En el actual contexto, resulta hasta previsible un clima generalizado de tensión y preocupación. Hoy, no es descabellado que autoridades, políticos, dirigentes y hasta el ciudadano de a pie, en la calle, se atrevan a deslizar que la democracia estaría en riesgo.
Una parte de los bolivianos, especialmente aquellos que siempre han sentido en carne propia los avatares de la patria, vive momentos de una fuerte conmoción anímica. Siente que la incertidumbre en la que está sumido el país no es un buen síntoma para el presente y que, desgraciadamente, puede estar hipotecando el futuro.
En lo que va de la década, todo o casi todo le ha salido mal a Bolivia. Desde la llamada “guerra del agua” hasta el referéndum revocatorio del mandato popular han pasado seis gobiernos. Y, en rigor de verdad, esto nada tiene que ver con los ganadores o perdedores de la contienda electoral del último 10 de agosto.

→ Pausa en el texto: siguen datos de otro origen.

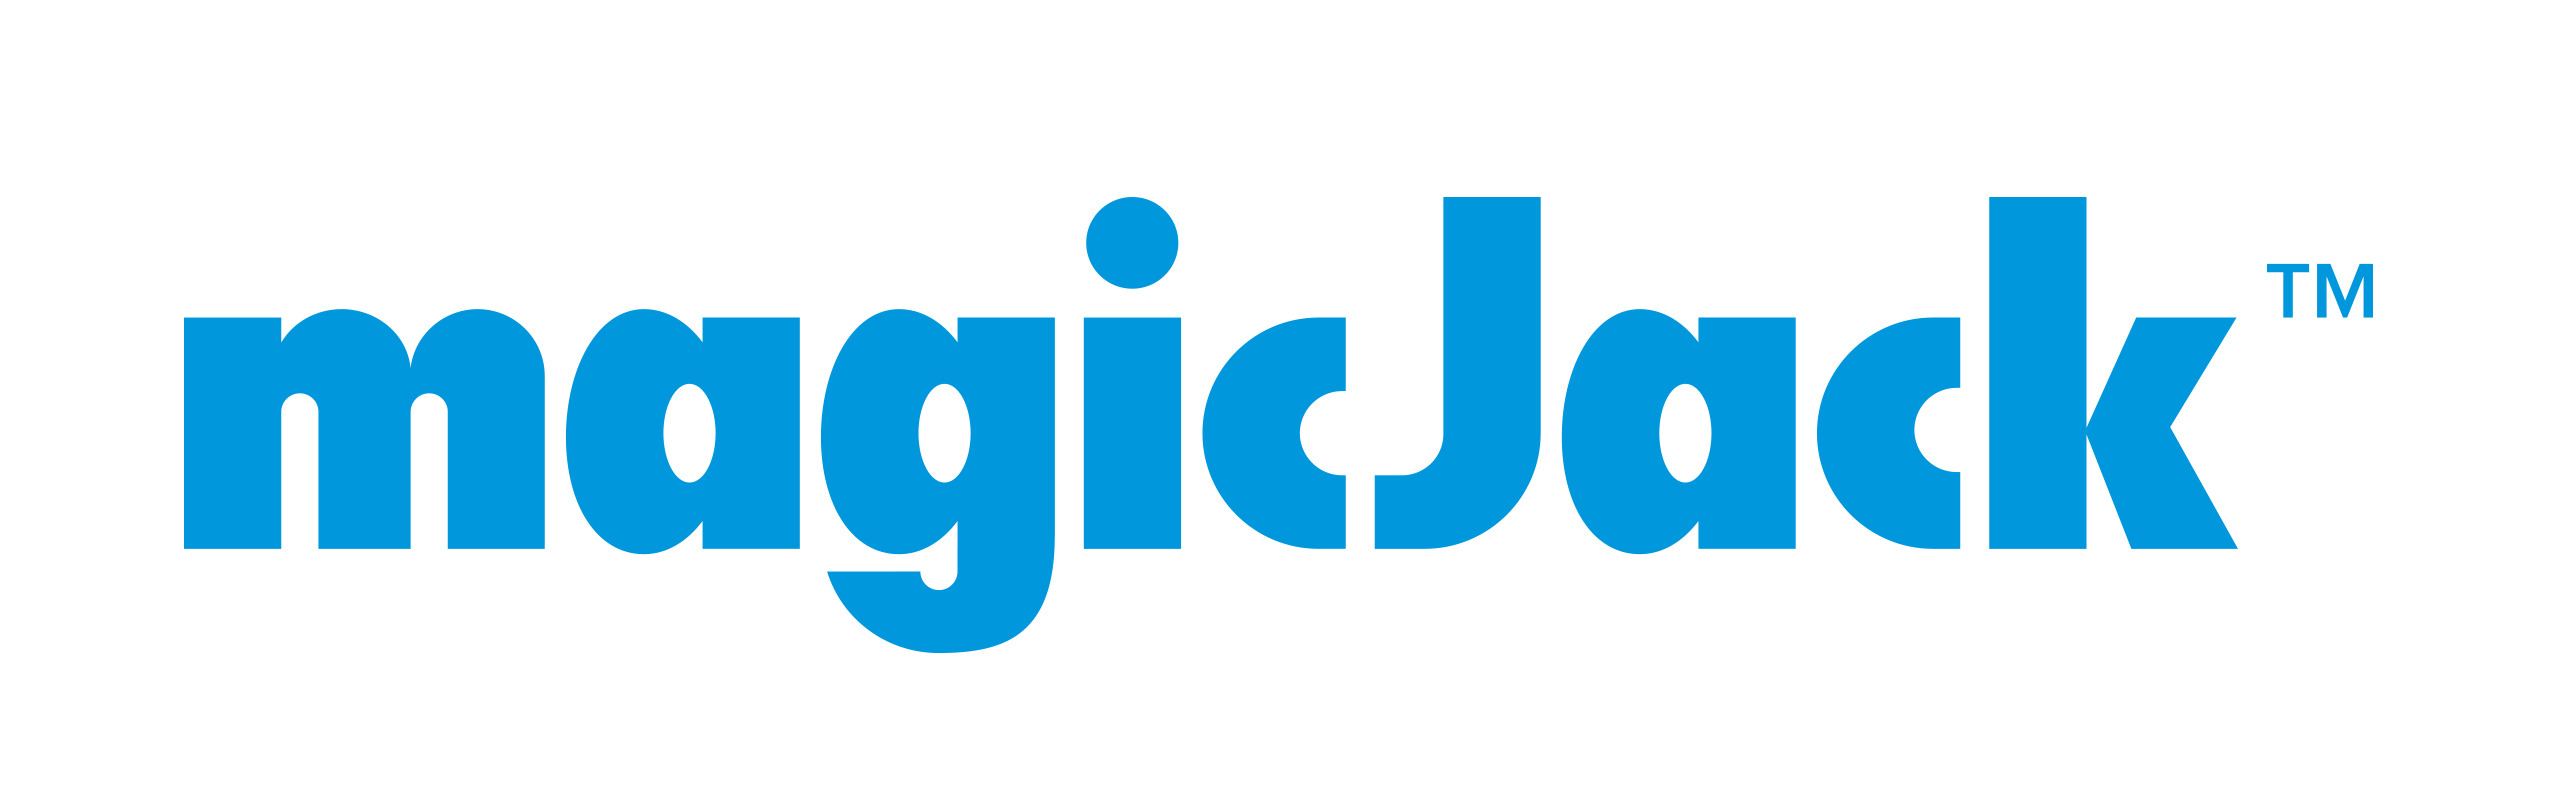 magicJack to Review

La cuestión deviene del hecho de que el resultado de esa confrontación en las urnas ha profundizado la polarización entre los bolivianos, a extremos tales de que ni unos ni otros saben a dónde van a llegar. Y, por extensión, este dilema de larga data ha hecho presa de la población.

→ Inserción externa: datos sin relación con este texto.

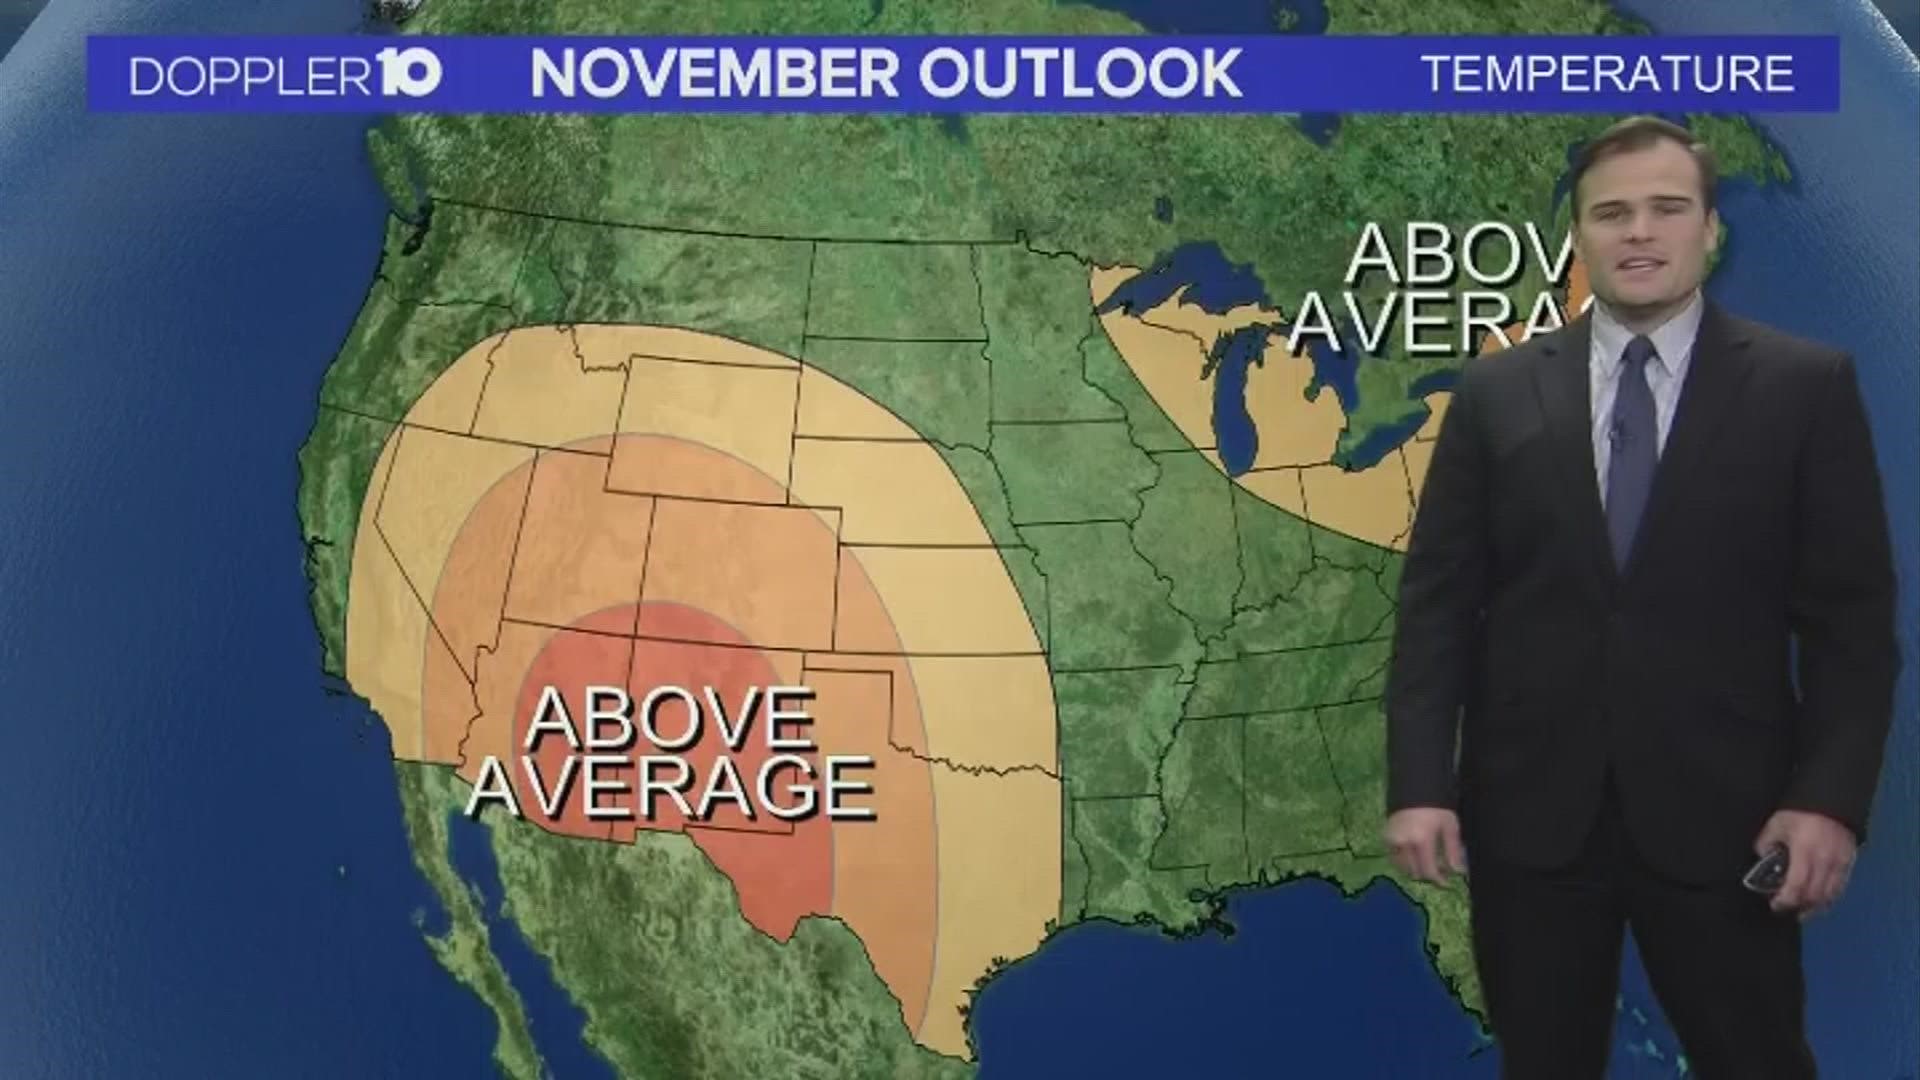 Data over the past 10 warmest Octobers show that we could be in for a cooler than average November.

La Asamblea Constituyente fracasó porque, al amparo de su nombre y de su sombra, emergió una Constitución que no recoge la voluntad de todos los bolivianos. Las autonomías, que debían ser entendidas como la solución para los problemas acumulados en cien años de centralismo, dieron, más bien, margen a una fuerte beligerancia y al resentimiento. Ante el sombrío panorama, los diálogos no fructifican. Así, ¿cómo no va a decaer el ánimo del ciudadano boliviano?
Sin duda, los que salieron victoriosos del referéndum revocatorio deben sentirse halagados, pero ninguno de ellos debe desconocer que el fruto de su triunfo puede ser peligroso para la unidad nacional. En realidad, lo mejor siempre será que nadie tenga demasiado poder en sus manos, porque esto representa una tentación para caer en el autoritarismo e incluso, como ocurrió en el pasado, en la dictadura.
En el actual contexto, resulta hasta previsible un clima generalizado de tensión y preocupación. Hoy, no es descabellado que autoridades, políticos, dirigentes y hasta el ciudadano de a pie, en la calle, se atrevan a deslizar que la democracia estaría en riesgo.
Aun así, nadie tiene derecho a abandonar los más caros ideales del hombre, dándose por vencido en la pelea por defender esa democracia por la que tanto lucharon generaciones de bolivianos, con el saldo de muertes y heridas físicas y espirituales.
Con la incertidumbre prendida en el corazón, es imposible que Bolivia crezca al ritmo que le exigen estos tiempos de globalización y, por tanto, de competencia. La posibilidad más cierta es que, de no atender la tendencia mundial, se convierta en un país marginal, en un enclave dentro de la región.
En estas condiciones, va quedando poco espacio para el optimismo. Los nubarrones son cada vez más espesos y definitorios, y la luz, al final del túnel, se vuelve tenue. Amenazas, advertencias y soberbia, por una parte; desafíos, exageraciones y enconos, del otro lado, hacen temer que nada bueno puede ocurrir en esta atmósfera excesivamente tormentosa.
Después de las elecciones del 2005, la mayoría de los bolivianos estaba dispuesta a sumarse y, además, a ser protagonista de estos tiempos; pero, se ha levantado un muro que, de un lado y del otro, separa a los que piensan diferente. Por la paz general, es obligación de todos mantener la unidad del país.